REPLICA IDENTITY Not Configured

Symptom: Missing or incomplete data in CDC events, especially for UPDATE operations

Solution:

Set REPLICA IDENTITY FULL for all tracked tables:

ALTER TABLE schema.table REPLICA IDENTITY FULL;

Restart Debezium connector to pick up changes

Replication Slot Issues

Symptom: "Replication slot already exists" or WAL accumulation

Solution:

-- List existing replication slots
SELECT * FROM pg_replication_slots;

-- Drop unused slot if necessary
SELECT pg_drop_replication_slot('slot_name');

Connector Configuration Problems

Symptom: Connector fails to start or doesn't capture changes

Checklist:

✓ Database user has REPLICATION privilege
✓ Table names in table.include.list are correct
✓ plugin.name is set to pgoutput (recommended)
✓ Signal configuration matches for ad-hoc snapshots
✓ Topics in sink connector match source connector output

Change Data Capture Issues

My database changes are not being captured by Debezium. What's wrong?

The most common causes are:

WAL level not set to logical: PostgreSQL must have wal_level=logical for CDC to work
REPLICA IDENTITY not FULL: Tables need REPLICA IDENTITY FULL for complete change capture

Solution:

ALTER TABLE <schema>.<table_name> REPLICA IDENTITY FULL;

Examples:

ALTER TABLE gis.geo_entity REPLICA IDENTITY FULL;
ALTER TABLE gis.bookmark REPLICA IDENTITY FULL;

I see "slot does not exist" errors in Kafka Connect logs

This usually means the replication slot name is already in use or wasn't created properly.
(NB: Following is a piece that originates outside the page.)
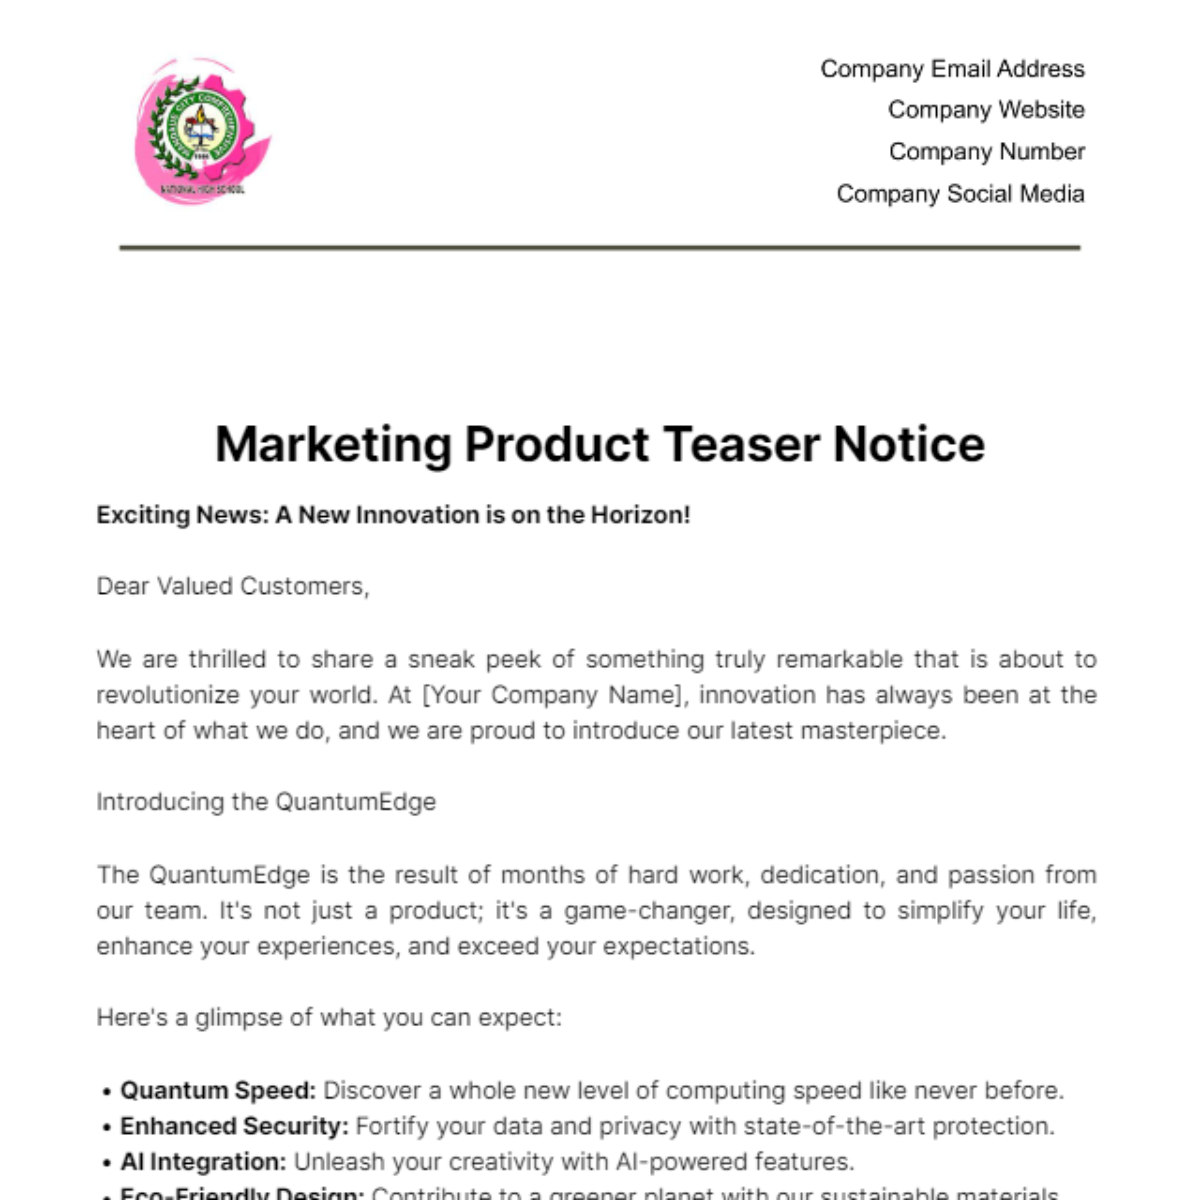 Marketing Product Teaser Notice Template

Each source connector needs a unique slot.name across the entire Kafka Connect cluster.

Solution:

Ensure slot.name is unique for each connector
Check PostgreSQL for existing slots: SELECT * FROM pg_replication_slots;
Drop unused slots if necessary: SELECT pg_drop_replication_slot('slot_name');

No data is appearing in the MSR CDC events table

This could be due to several issues:

Source connector not running: Check Kafka Connect status at http://localhost:8083/connectors
Sink connector misconfigured: Verify the sink connector is consuming from the correct topics
Transform errors: Check Kafka Connect logs for JSLT transformation errors
Topic permissions: Ensure Kafka Connect has permission to read/write topics

I'm getting "permission denied" errors when setting up connectors

Verify that:

Database user has replication permissions: ALTER USER admin REPLICATION;
Database user can access the required tables
Kafka Connect can reach both source and target databases

Disk Space Management

How do I check disk space usage for the MSR database?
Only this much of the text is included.